AVAILABLE DATA:
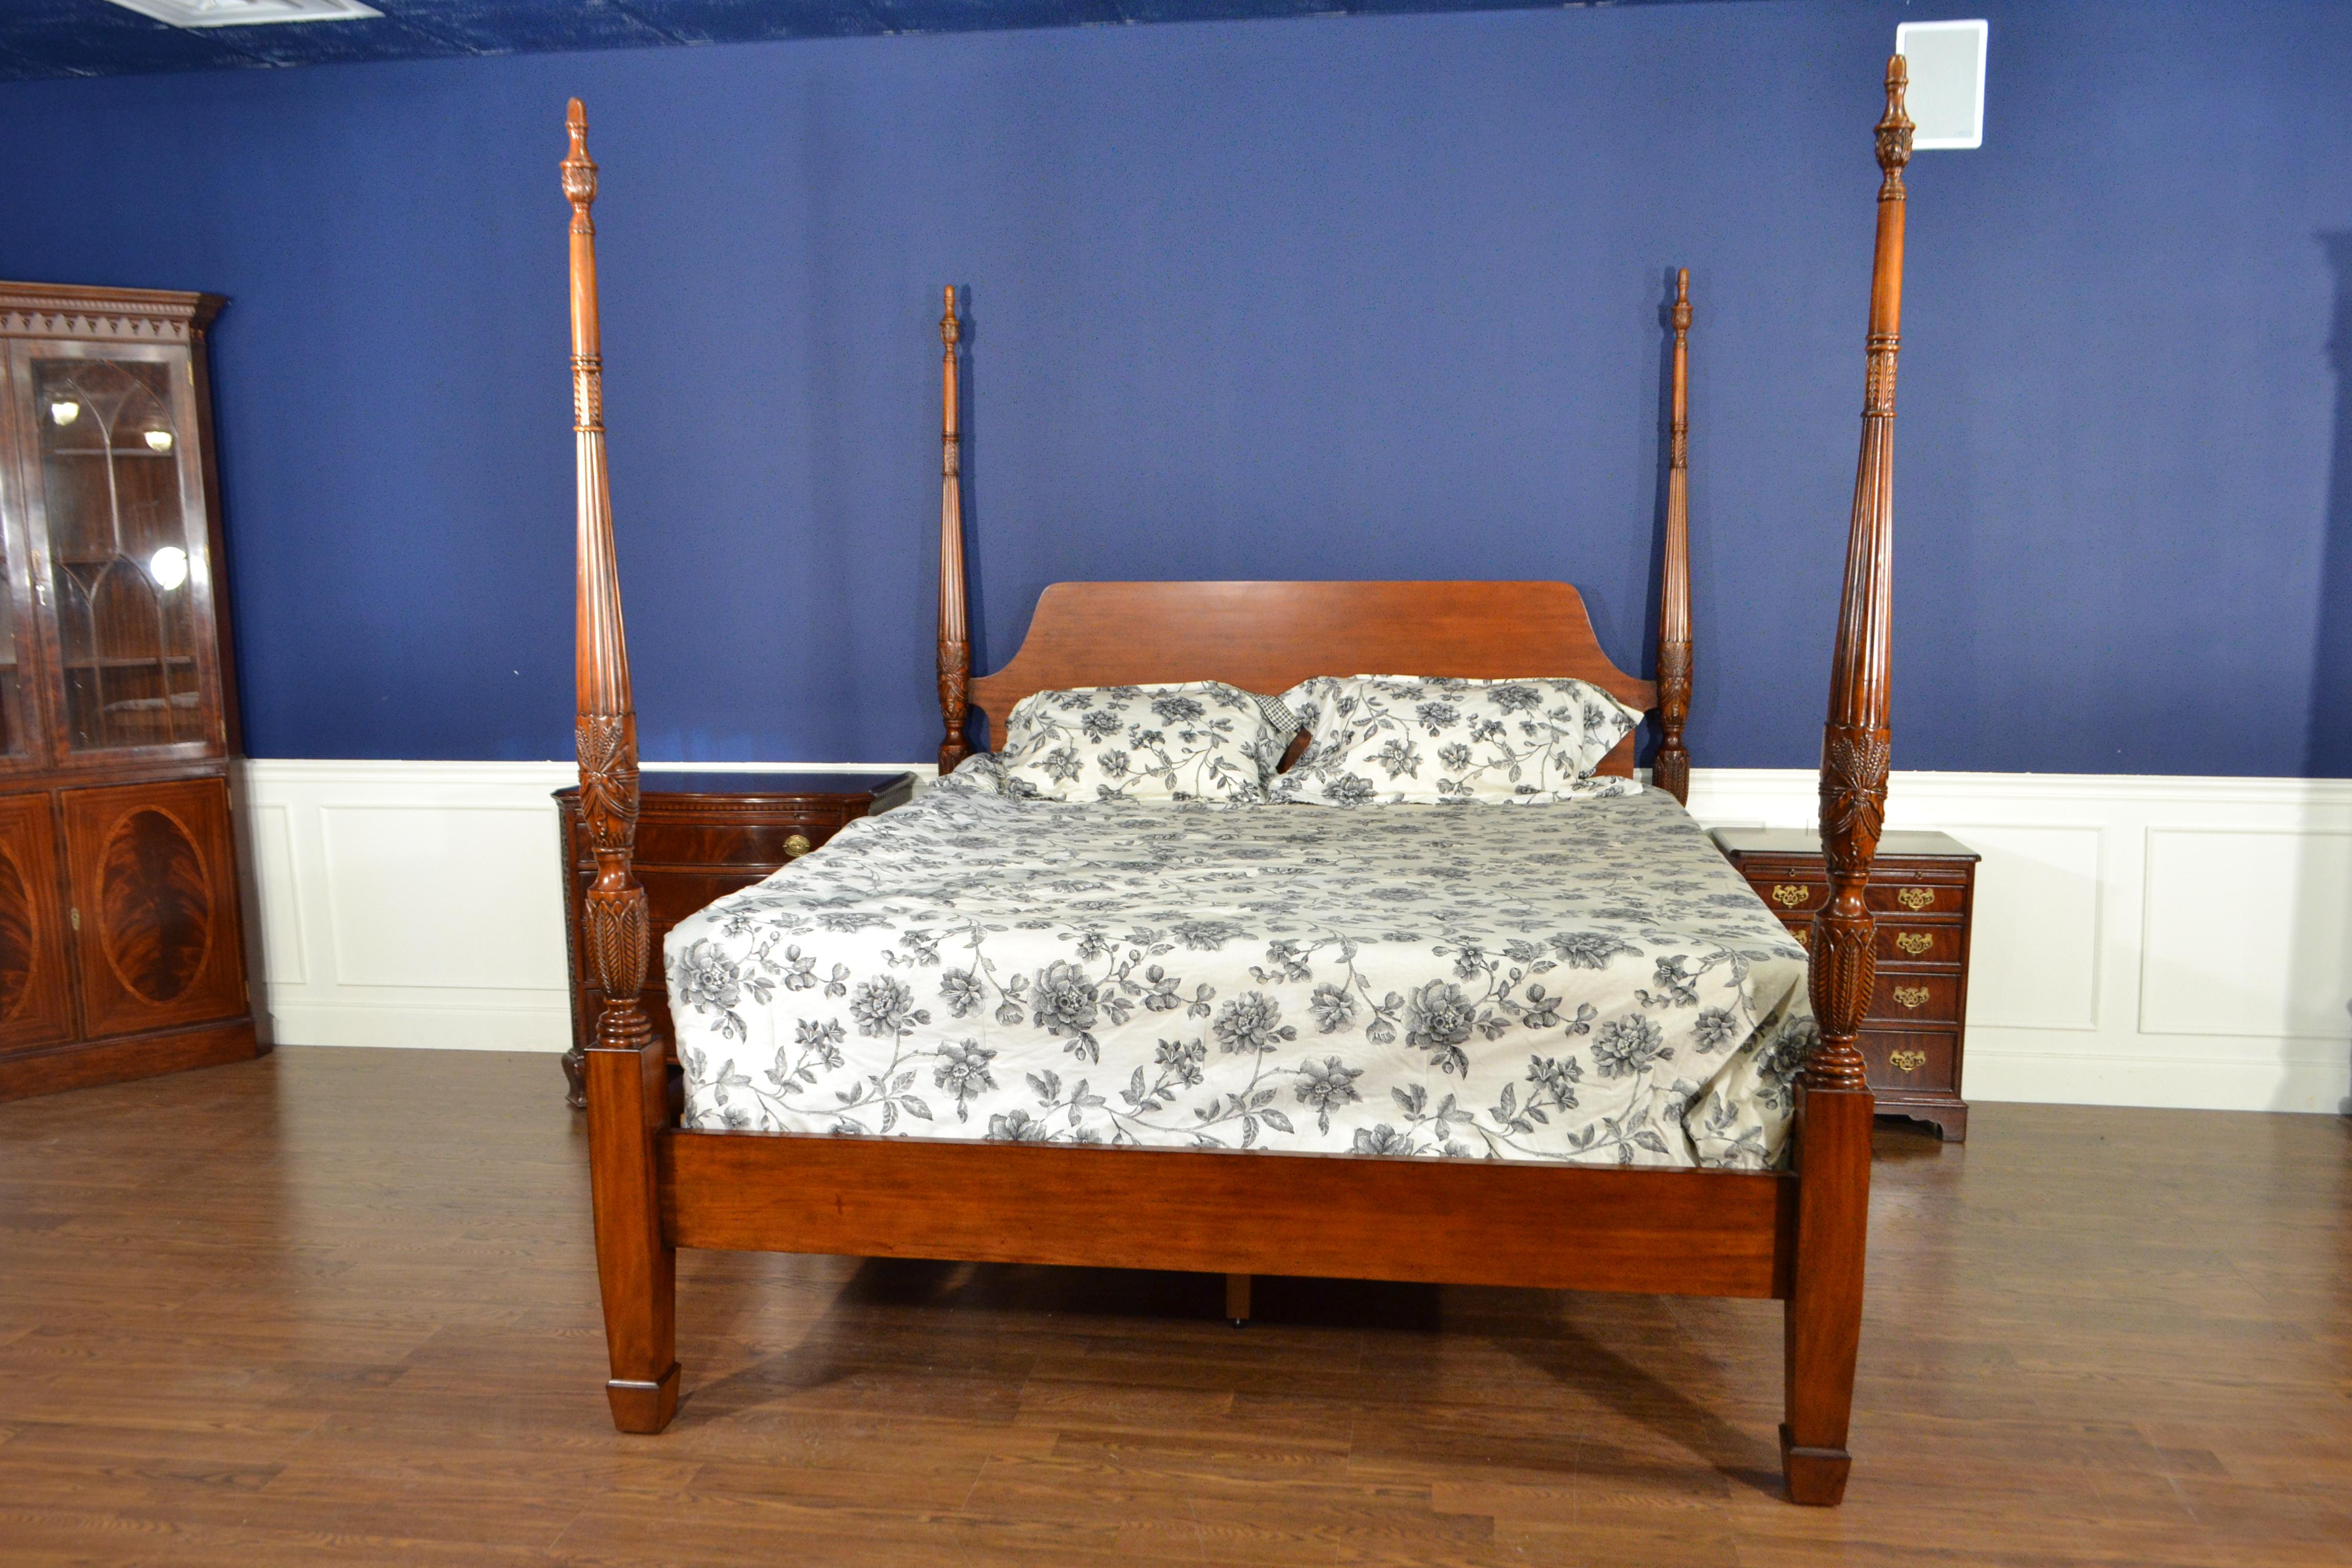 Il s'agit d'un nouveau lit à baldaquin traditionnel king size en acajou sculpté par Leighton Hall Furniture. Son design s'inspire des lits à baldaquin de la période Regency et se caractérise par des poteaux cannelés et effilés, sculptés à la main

==

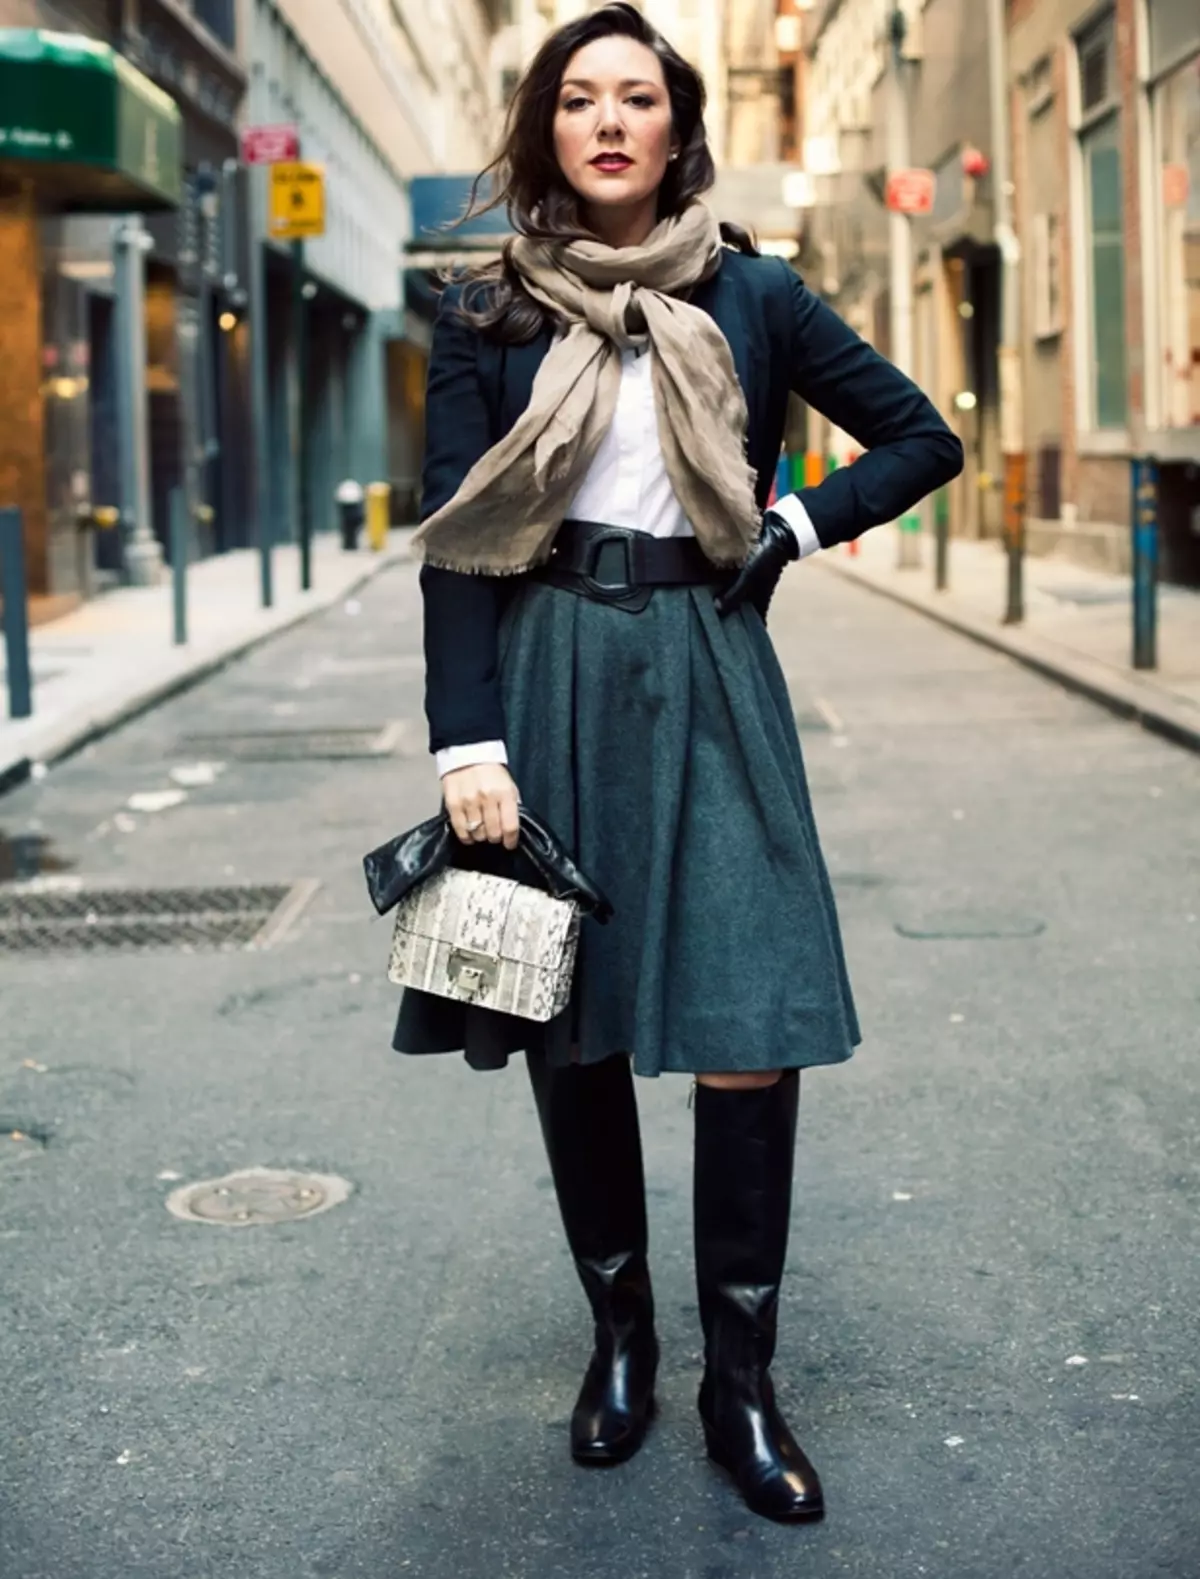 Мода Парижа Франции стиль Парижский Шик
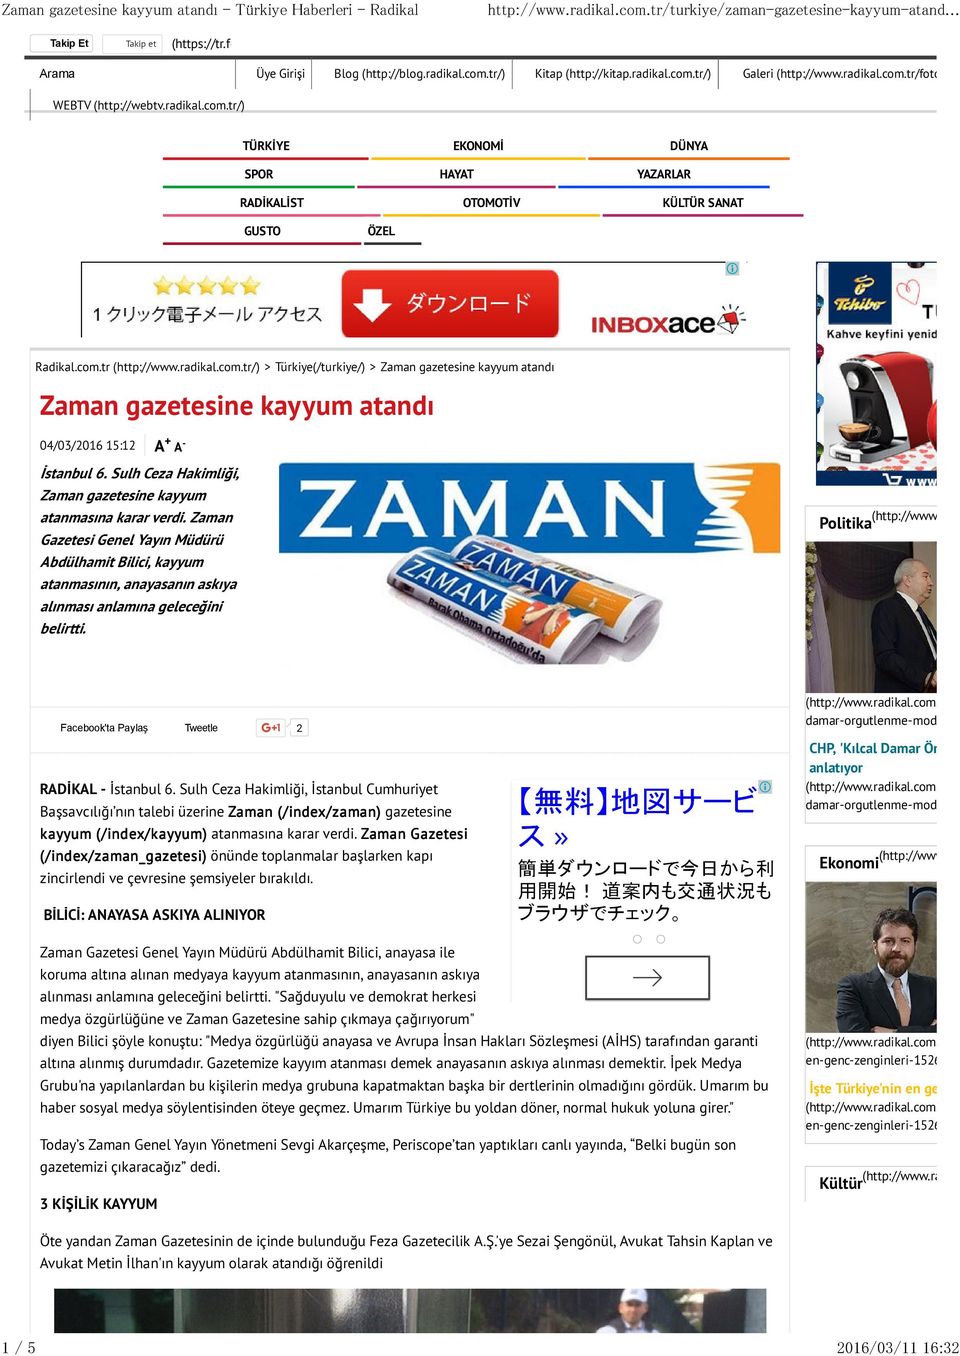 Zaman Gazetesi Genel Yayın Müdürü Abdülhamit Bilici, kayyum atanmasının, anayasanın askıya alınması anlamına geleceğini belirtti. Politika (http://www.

==

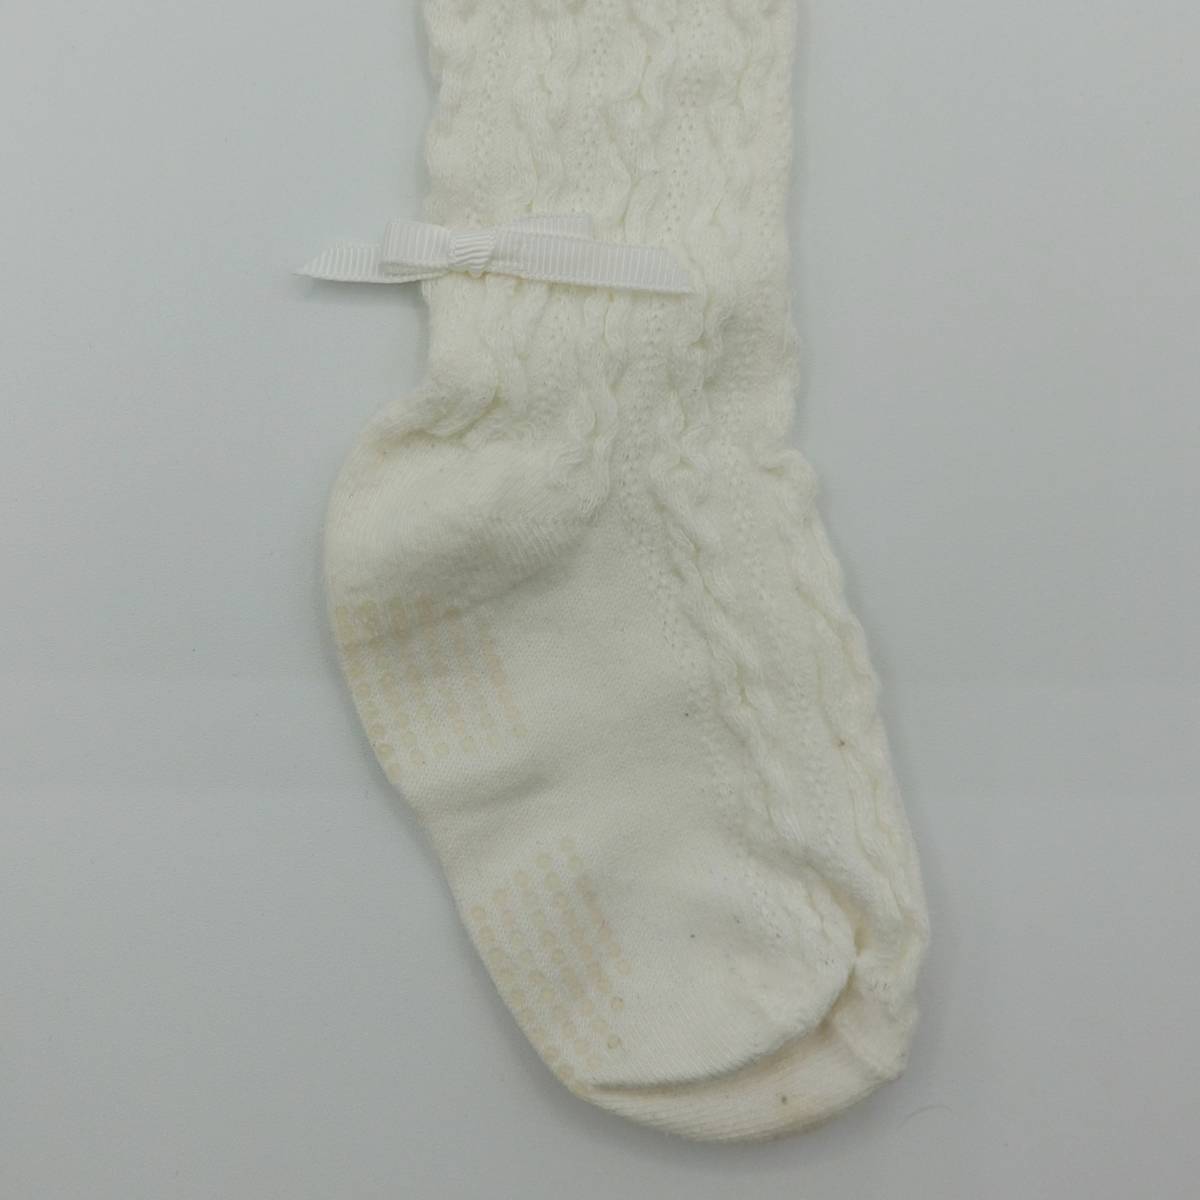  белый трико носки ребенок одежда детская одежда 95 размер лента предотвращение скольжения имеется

EXERCISE: All lines above starting at the one with "Мода Парижа Франции стиль Парижский Шик" and ending at the one with "Zaman Gazetesi Genel", inclusive, are to be printed again exactly, with the pictures left out.

RESULT:
 Мода Парижа Франции стиль Парижский Шик
 Zaman Gazetesi Genel Yayın Müdürü Abdülhamit Bilici, kayyum atanmasının, anayasanın askıya alınması anlamına geleceğini belirtti. Politika (http://www.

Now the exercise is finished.